One large distributor said “There are retailers out there who don’t have bank loans because they don’t want to put their house or properties up as collateral instead they are using the credit supplied by distributors who are now facing their own problems” they said.

“Due to the Coronavirus epidemic retailers need to now go to their banks and get a low interest loan to cover their debt if they don’t or can’t get a loan they should not be in business and distributors should take action”.

Another Melbourne based retailer who recently removed stock from one retailer said, “The debt among distributors is excessive and I suspect some retailers are now operating while insolvent as their debt exceeds their sales”.

“Many of these audio retailers also owe money to the tax office, they are also having to compete up against a man in a van who is taking their custom install business without the overheads that many retailers face”. They added.

Recently ChannelNews revealed that the Lifestyle store in Sydney had taken an injection of capital with executives claiming that “We are not going broke”.

Distributors are divided over pleas for the government to impose a “moratorium” on insolvent trading laws to keep businesses afloat and protect directors, with some insolvency practitioners warning it will hurt creditors and worsen the economic downturn.

Many of the small Hi Fi businesses face going out of business in coming months because of a severe downturn in economic activity from the coronavirus disruption and the pressure to repay their debt to suppliers.

“What these audio retailers should be asking themselves is “Will I get sued?” for insolvent trading said one observer who believes that the intervention of the Reserve Bank and a move by the Governments to support small business is an excellent time for them to pay the distributors who have been supporting them for several years with extended loans and consignment stock.

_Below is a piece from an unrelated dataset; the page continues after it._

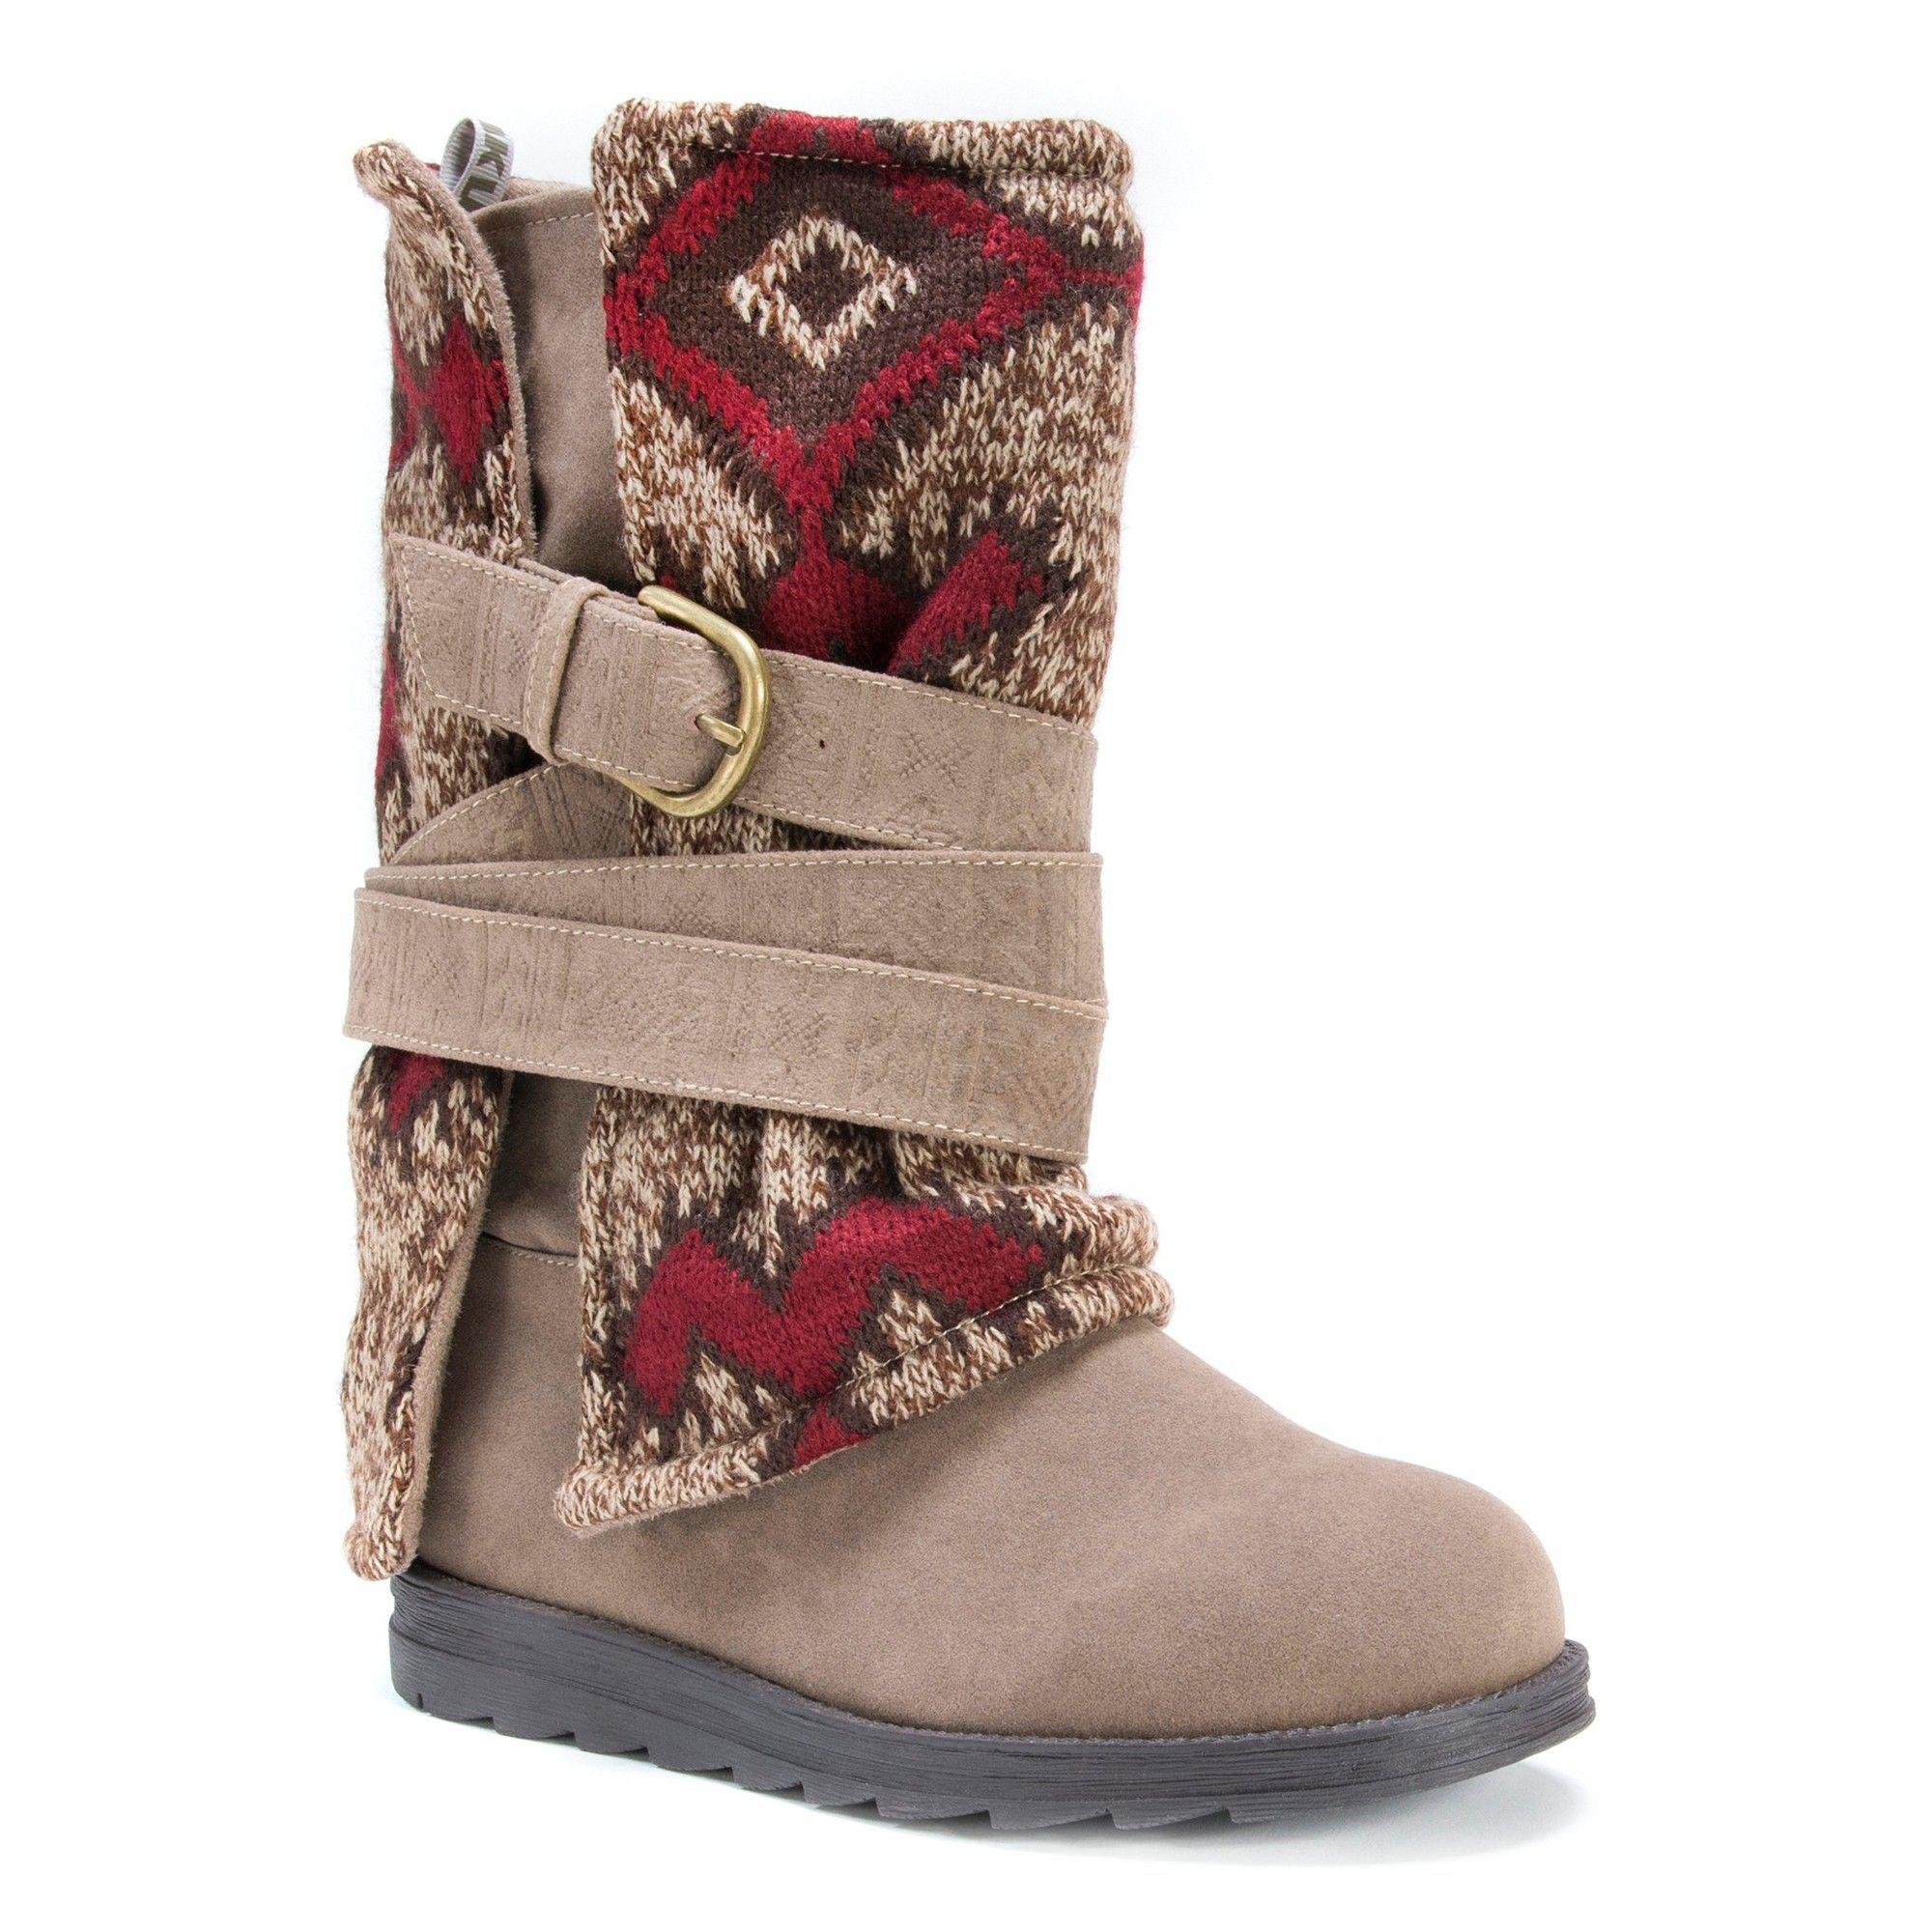 b0deae07e46 Women's Muk Luks Nevia Multi Strap Sweater Boots - Brown 7 ...

Australian Restructuring Insolvency & Turnaround Association chief executive John Winter said keeping unviable SMEs alive would have a “snowball” effect on their small business suppliers who would “cop it in the neck”.

“The risk with removing insolvent trading provisions is you do greater harm to unwitting creditors who are already in a loss position, such as the ATO, employees and other small businesses,” Mr Winter said.

“You think you’re saving jobs in one business, but you’re ultimately costing a range of other businesses.”